DESCRIPTION OF THE TASK — Pictures in the material below are to be left out, and only the lines from the line with "miniature house on fire" up to and including the line with "Jacques Cartier Bridge, Montreal, 1951" are to be written out exactly.

[[ SOURCE RECORDS open ]]

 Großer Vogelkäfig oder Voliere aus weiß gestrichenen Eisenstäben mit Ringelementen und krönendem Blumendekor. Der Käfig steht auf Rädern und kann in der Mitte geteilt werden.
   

[[ SOURCE RECORDS closed ]]
[[ SOURCE RECORDS open ]]

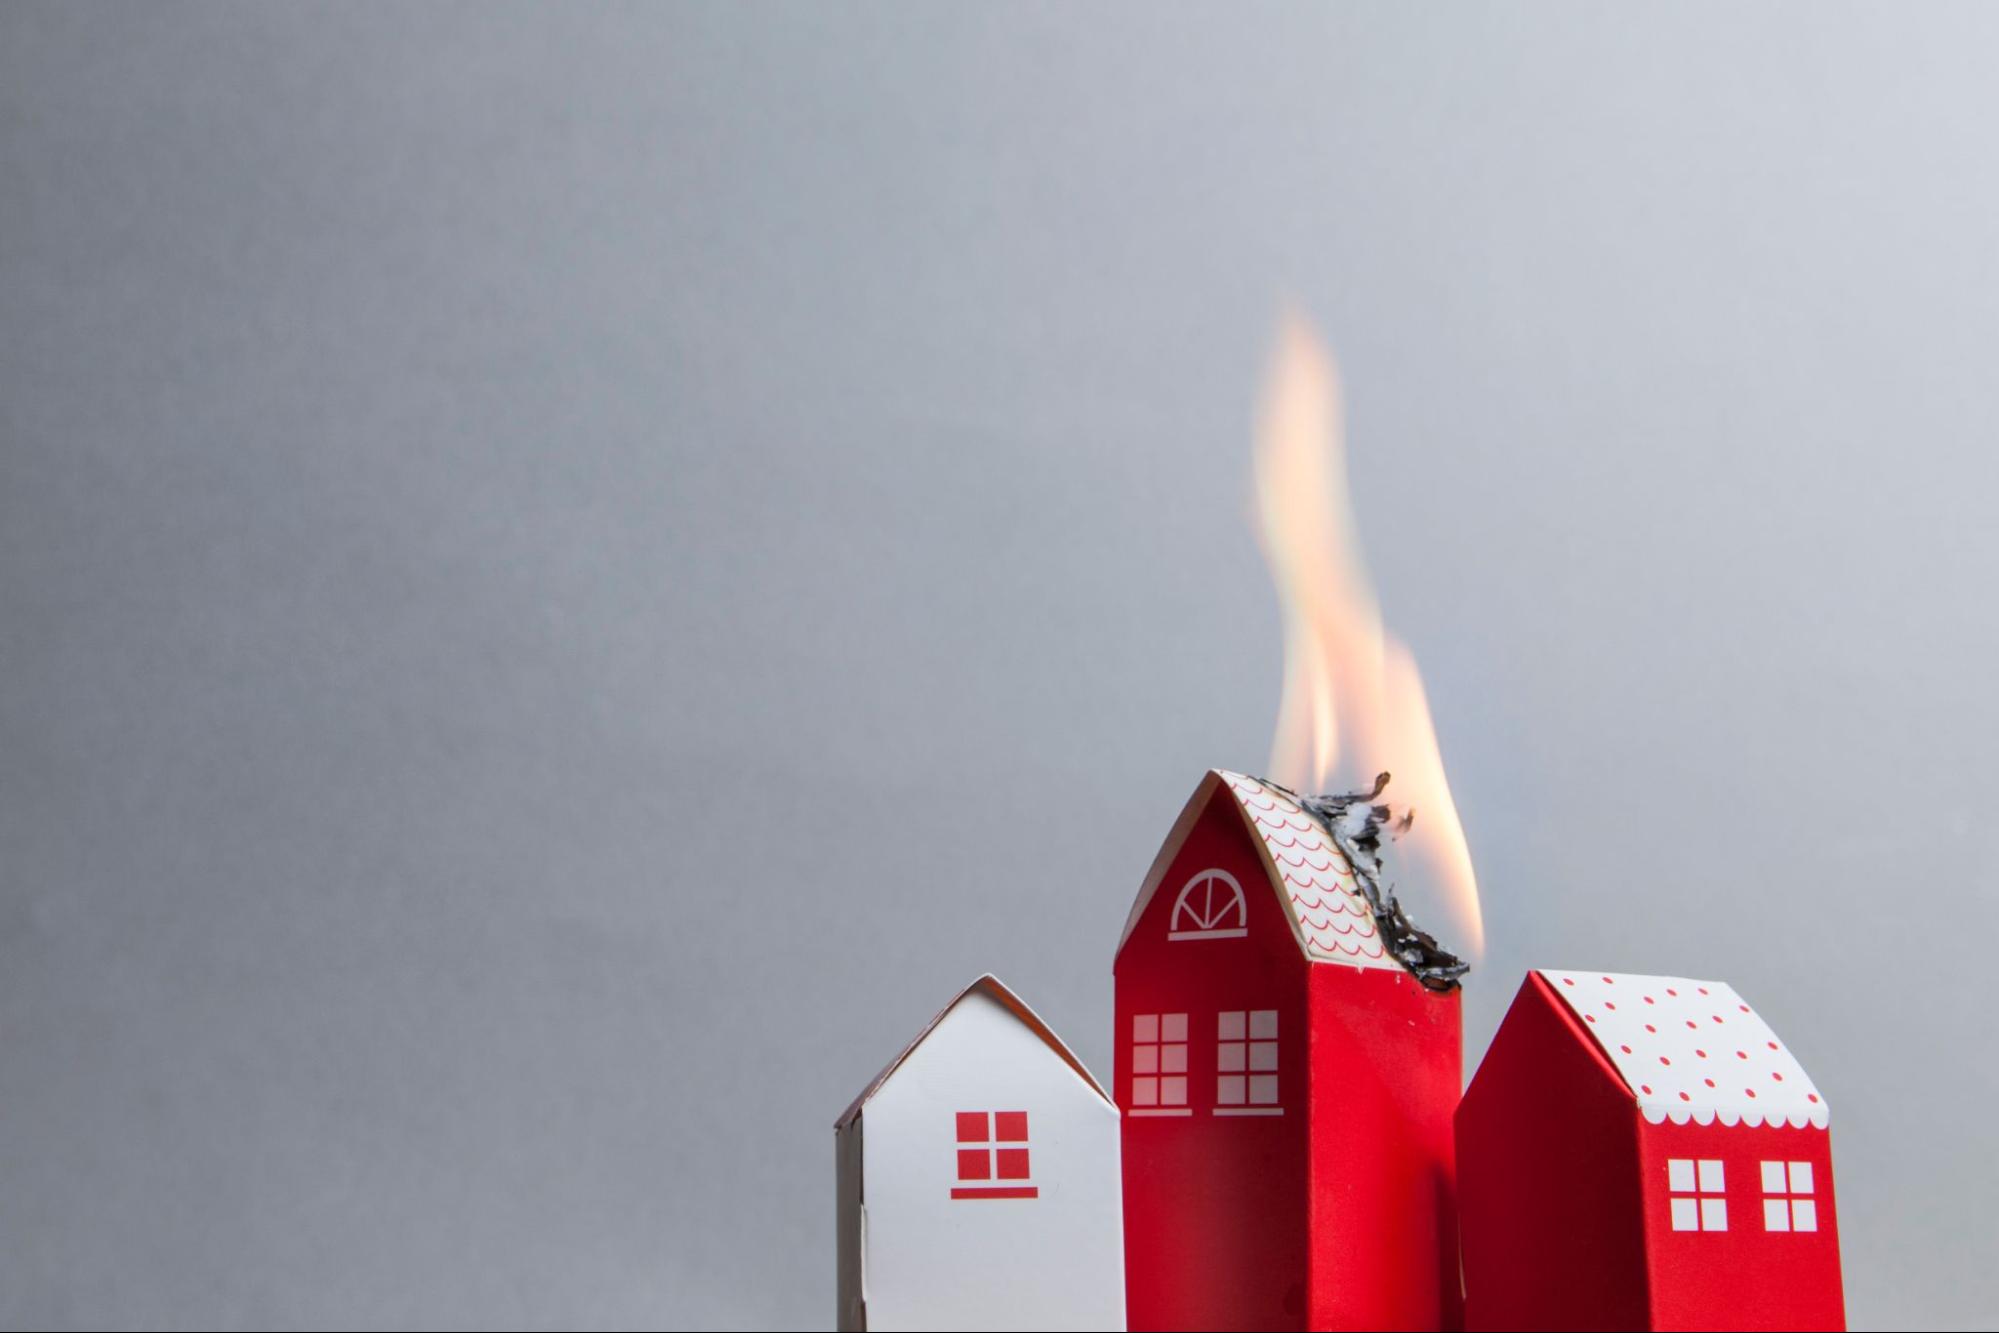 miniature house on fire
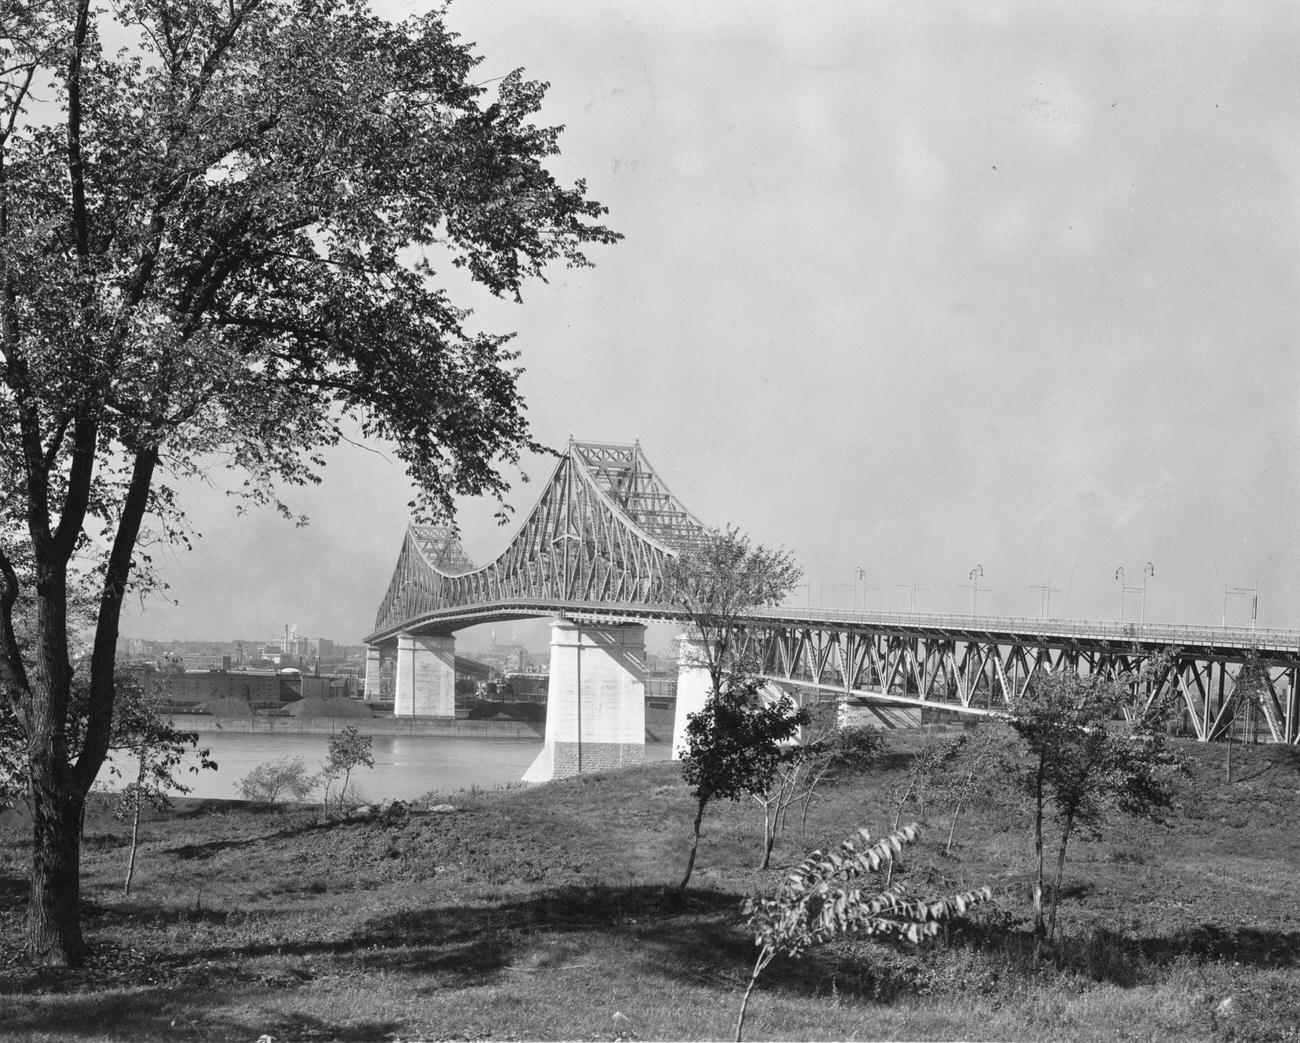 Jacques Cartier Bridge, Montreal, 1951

[[ SOURCE RECORDS closed ]]

WRITTEN RESPONSE —
 miniature house on fire
 Jacques Cartier Bridge, Montreal, 1951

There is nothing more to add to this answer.